Saturday, March 29, 2008

Citron/Yuzu Spread

Citron/Yuzu Spread
Whenever I go to Trader Joe's, I rarely walk out of there without buying at least half a dozen things that weren't on my shopping list. This citron spread was one of those products that caught my eye.

I've been using citron and yuzu to refer to the same fruit but after doing some research, I was surprised to discover that yuzu and citron are actually two different types of citrus. Yuzu (Citrus ichangensis x Citrus reticulata var. austera) is a cold hardy Asian citrus fruit that originated in China and then introduced to Japan and Korea. Citron (Citrus medica) on the other hand, is a different species that most likely also originated in Asia, but was subsequently spread throughout the Mediterranean. I was searching for the difference in flavor between the two fruits but it was difficult to find a comparison because many people, like myself, and resources use the names interchangeably. Even my jar says "Citron (Yuzu) spread", so now I'm not sure whether it's made with citron or yuzu. My guess is that the flavors are comparable. Yuzu has been a part of Japanese and Korean cuisine for quite some time but recently it has come to the attention of the Western food world and is now all the rage.

Yuzu is rarely eaten as a fruit but both the juice and zest are prized in cooking. The fruit bears very little juice, so it's very precious. The tart lemon-like juice with hints of lime, grapefruit, and pine forms the base of the Japanese dipping sauce, ponzu. The powerfully aromatic zest is used as a garnish on soup. It is also working its way into many sweet applications like cakes and sorbets. A spoonful of yuzu marmalade, similar to the spread I bought, is swirled into hot water to make a Korean drink called yuja cha, used as a remedy for the common cold.
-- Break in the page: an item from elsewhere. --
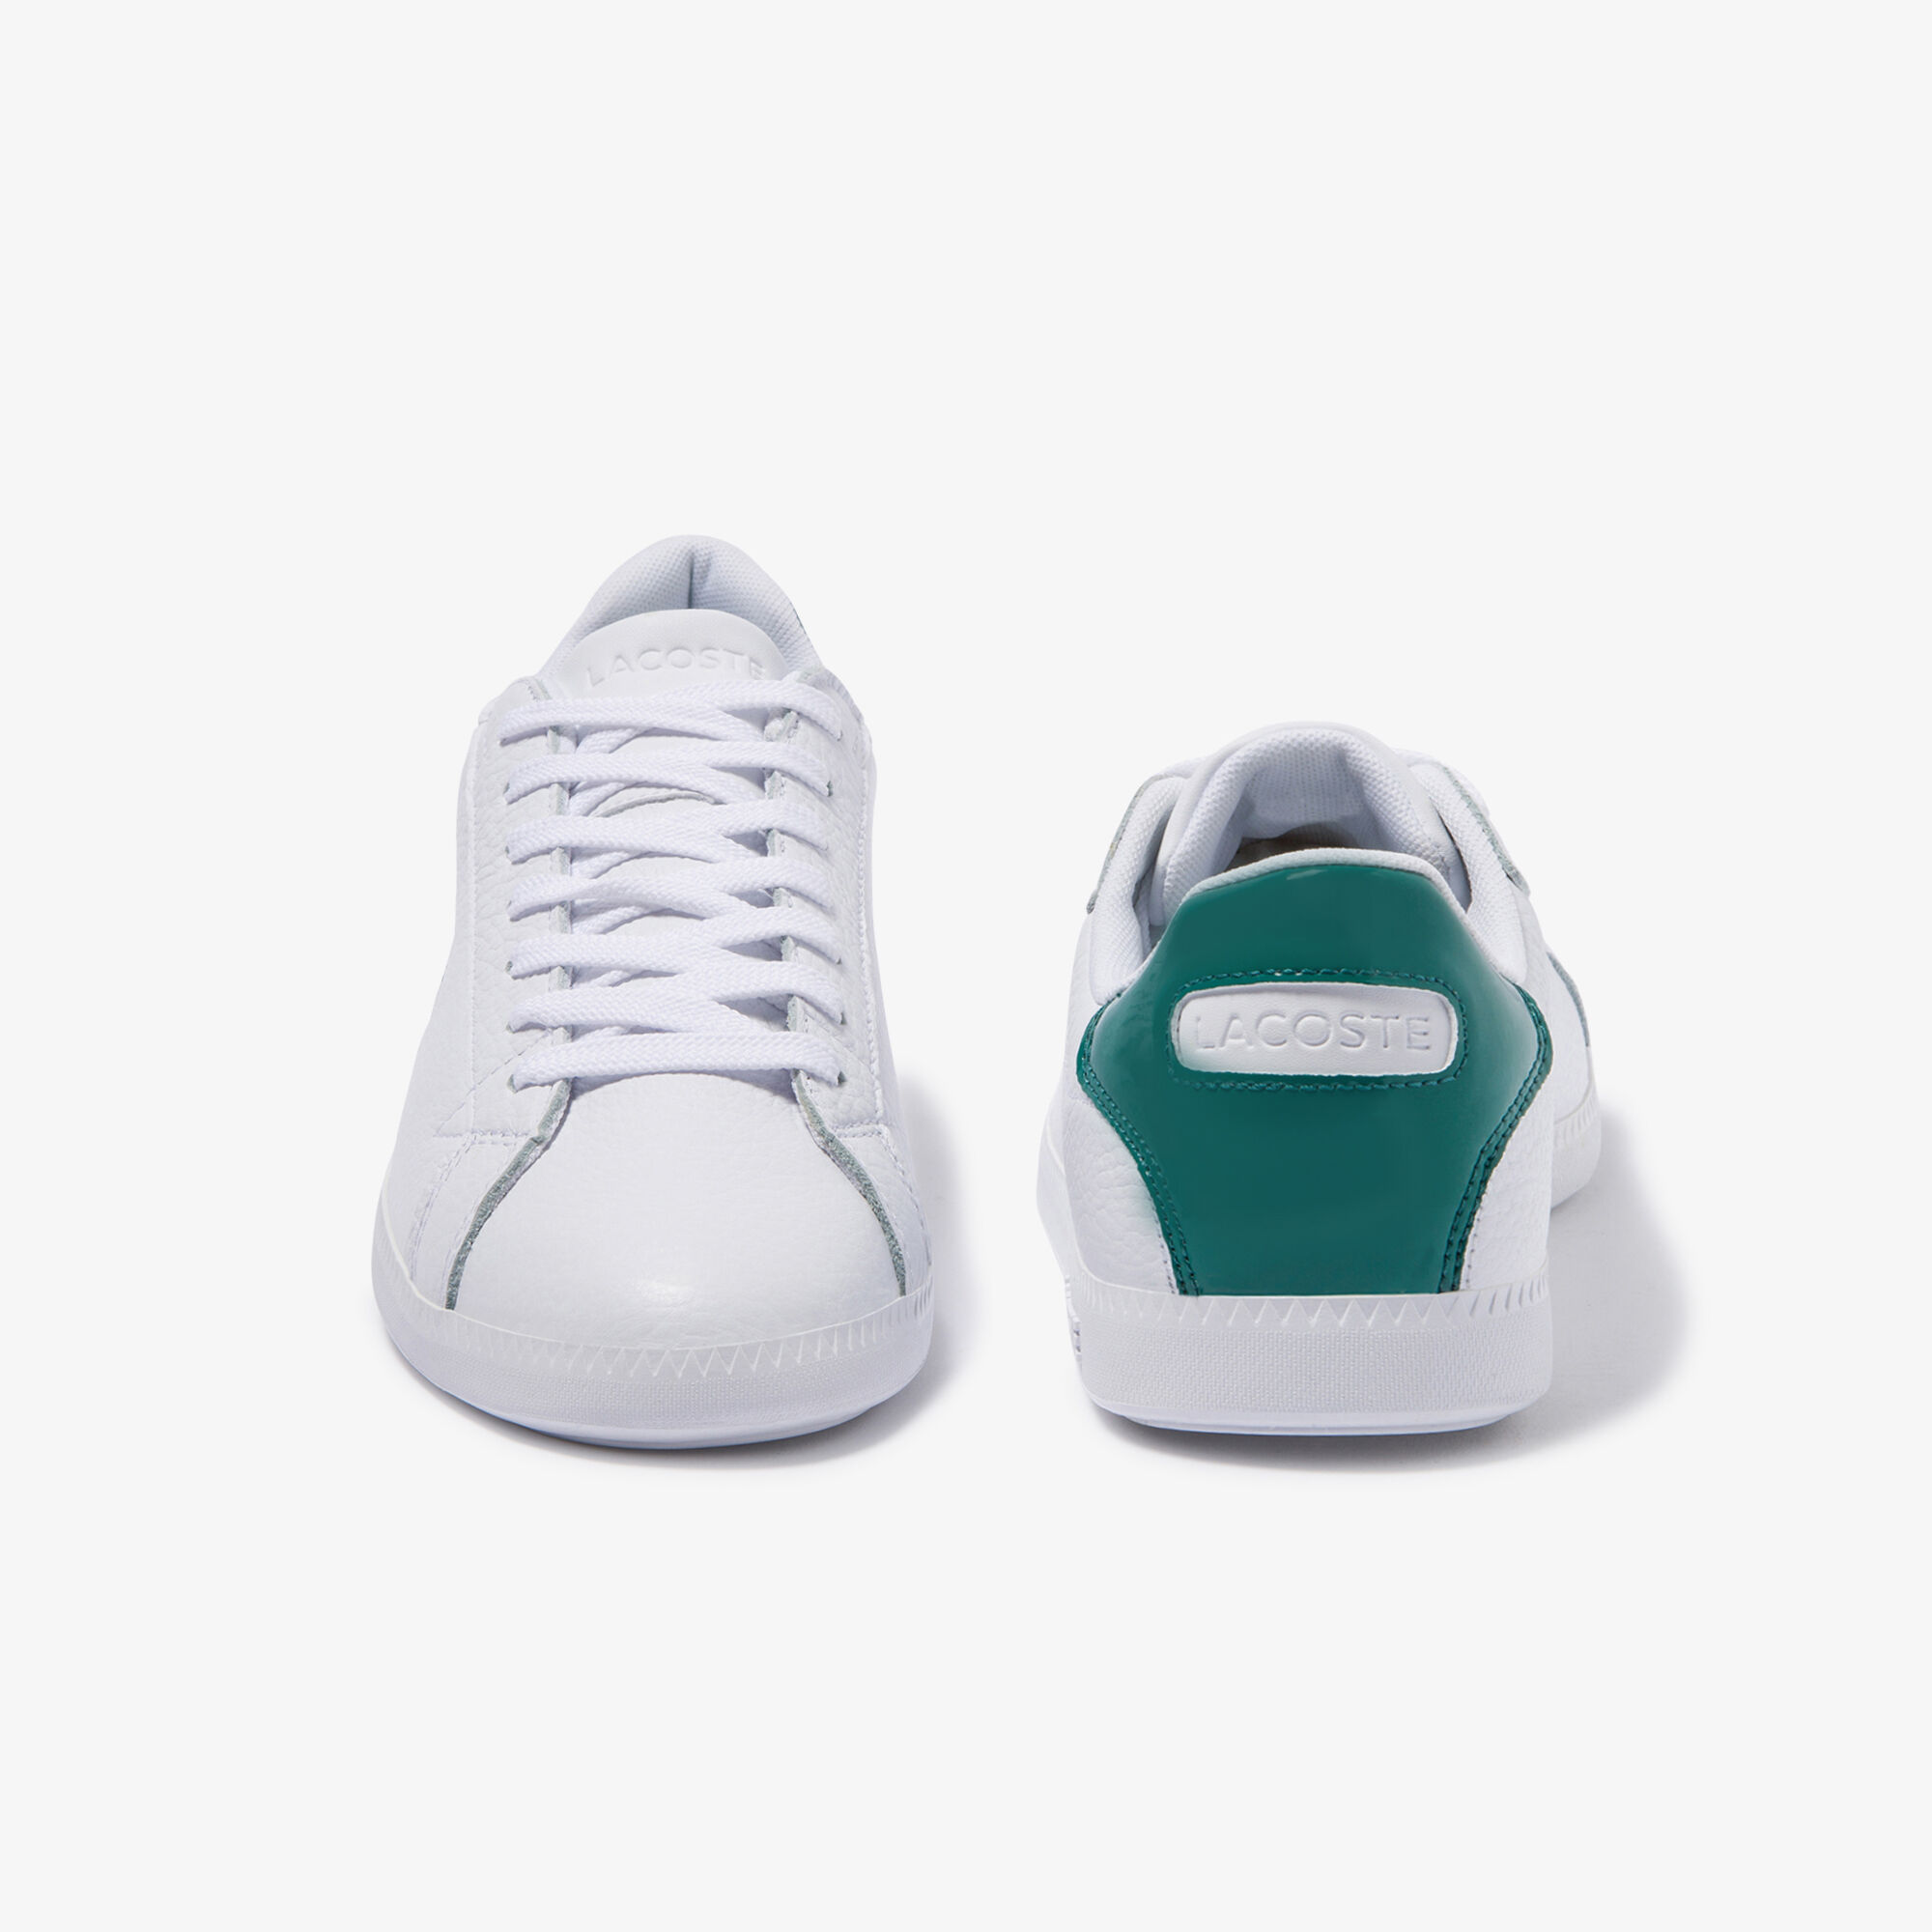 Men's Graduate Tumbled Leather and Synthetic Sneakers

Fresh yuzu are about the size of a small orange and are in season from November to May and can be found at at Japanese or Asian markets but they will be rather pricey ($3 - $4 each). The bottled juice can also be found at Asian markets.

So far I've used it as a glaze on scallops and as a filling in Asian rugelach. As Wandering Chopsticks suggested, it would be great on fish as well. And to satisfy your sweet tooth, Tartelette has wonderful yuzu recipes like this cheesecake or berry salad.


Lydia (The Perfect Pantry) said...

Thanks, Amy. I've put this on my Trader Joe's shopping list!

RecipeGirl said...

Going there today... will look for this treasure! Thanks!

Anonymous said...

We have no TJ's up here in the mountains on the east coast. I live for my several trips a year to the west coast - next one in two weeks. Thanks for adding another item to look for (and cook with) while I'm on vacation (in my daughter's newly remodeled kitchen).

Susan @ SGCC said...

Thanks for clearing that up. Now, I know what to look for! :)

Helene said...

I love that spread! I made cheesecakes last summer with it as a glaze and they were awesome. Problem is we don't have a Trader Joe's here and I have to wait to go visit Lisa's to get my fill!

tigerfish said...

I got my yuzu spread from TJ like last year. The packaging/bottle has changed! Hee hee....I ALWAYS end up with something in TJs even if it's just a $1.99 TJ organic truffle chocolate.

Anonymous said...

We have quite a few trader joes in the Boston area. I'm going to have to look for this next time :-)

Sophie said...

As a native Californian now living in Austin, TX (at least until this August, then I'm off to Boston!) I deeply miss Trader Joe's! I can't complain that I live in the city where the main Whole Foods headquarters is located, but I do miss the wonderful Trader Joe's prices and tasty treats like these :).